* _Your assignment_:
Working from the listing below, set down every line exactly.

* _Input material_:

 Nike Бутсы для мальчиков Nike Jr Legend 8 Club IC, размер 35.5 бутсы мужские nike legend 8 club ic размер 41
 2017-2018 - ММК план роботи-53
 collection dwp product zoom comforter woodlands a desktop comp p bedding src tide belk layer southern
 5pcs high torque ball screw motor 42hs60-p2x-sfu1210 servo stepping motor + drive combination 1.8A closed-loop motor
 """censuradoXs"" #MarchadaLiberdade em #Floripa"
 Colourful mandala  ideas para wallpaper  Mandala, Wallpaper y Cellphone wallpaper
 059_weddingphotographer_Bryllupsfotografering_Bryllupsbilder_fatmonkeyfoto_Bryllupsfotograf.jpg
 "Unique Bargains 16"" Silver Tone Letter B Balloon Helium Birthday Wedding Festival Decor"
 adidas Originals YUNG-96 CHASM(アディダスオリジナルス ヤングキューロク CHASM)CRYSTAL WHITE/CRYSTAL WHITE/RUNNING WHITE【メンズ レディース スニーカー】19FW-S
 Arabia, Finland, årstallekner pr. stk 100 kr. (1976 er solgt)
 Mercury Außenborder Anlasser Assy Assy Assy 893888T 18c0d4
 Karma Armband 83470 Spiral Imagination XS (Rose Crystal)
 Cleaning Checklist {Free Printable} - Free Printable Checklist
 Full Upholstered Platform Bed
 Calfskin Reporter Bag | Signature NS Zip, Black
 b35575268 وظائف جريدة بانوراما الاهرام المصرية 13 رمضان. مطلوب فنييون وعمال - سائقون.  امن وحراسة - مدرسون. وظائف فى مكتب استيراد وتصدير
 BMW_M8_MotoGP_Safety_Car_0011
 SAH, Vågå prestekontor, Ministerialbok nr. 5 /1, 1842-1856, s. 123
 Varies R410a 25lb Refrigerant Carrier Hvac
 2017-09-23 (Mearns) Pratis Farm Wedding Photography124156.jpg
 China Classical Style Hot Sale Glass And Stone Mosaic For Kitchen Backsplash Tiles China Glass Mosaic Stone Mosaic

* _Solution to this task_:
 Nike Бутсы для мальчиков Nike Jr Legend 8 Club IC, размер 35.5 бутсы мужские nike legend 8 club ic размер 41
 2017-2018 - ММК план роботи-53
 collection dwp product zoom comforter woodlands a desktop comp p bedding src tide belk layer southern
 5pcs high torque ball screw motor 42hs60-p2x-sfu1210 servo stepping motor + drive combination 1.8A closed-loop motor
 """censuradoXs"" #MarchadaLiberdade em #Floripa"
 Colourful mandala  ideas para wallpaper  Mandala, Wallpaper y Cellphone wallpaper
 059_weddingphotographer_Bryllupsfotografering_Bryllupsbilder_fatmonkeyfoto_Bryllupsfotograf.jpg
 "Unique Bargains 16"" Silver Tone Letter B Balloon Helium Birthday Wedding Festival Decor"
 adidas Originals YUNG-96 CHASM(アディダスオリジナルス ヤングキューロク CHASM)CRYSTAL WHITE/CRYSTAL WHITE/RUNNING WHITE【メンズ レディース スニーカー】19FW-S
 Arabia, Finland, årstallekner pr. stk 100 kr. (1976 er solgt)
 Mercury Außenborder Anlasser Assy Assy Assy 893888T 18c0d4
 Karma Armband 83470 Spiral Imagination XS (Rose Crystal)
 Cleaning Checklist {Free Printable} - Free Printable Checklist
 Full Upholstered Platform Bed
 Calfskin Reporter Bag | Signature NS Zip, Black
 b35575268 وظائف جريدة بانوراما الاهرام المصرية 13 رمضان. مطلوب فنييون وعمال - سائقون.  امن وحراسة - مدرسون. وظائف فى مكتب استيراد وتصدير
 BMW_M8_MotoGP_Safety_Car_0011
 SAH, Vågå prestekontor, Ministerialbok nr. 5 /1, 1842-1856, s. 123
 Varies R410a 25lb Refrigerant Carrier Hvac
 2017-09-23 (Mearns) Pratis Farm Wedding Photography124156.jpg
 China Classical Style Hot Sale Glass And Stone Mosaic For Kitchen Backsplash Tiles China Glass Mosaic Stone Mosaic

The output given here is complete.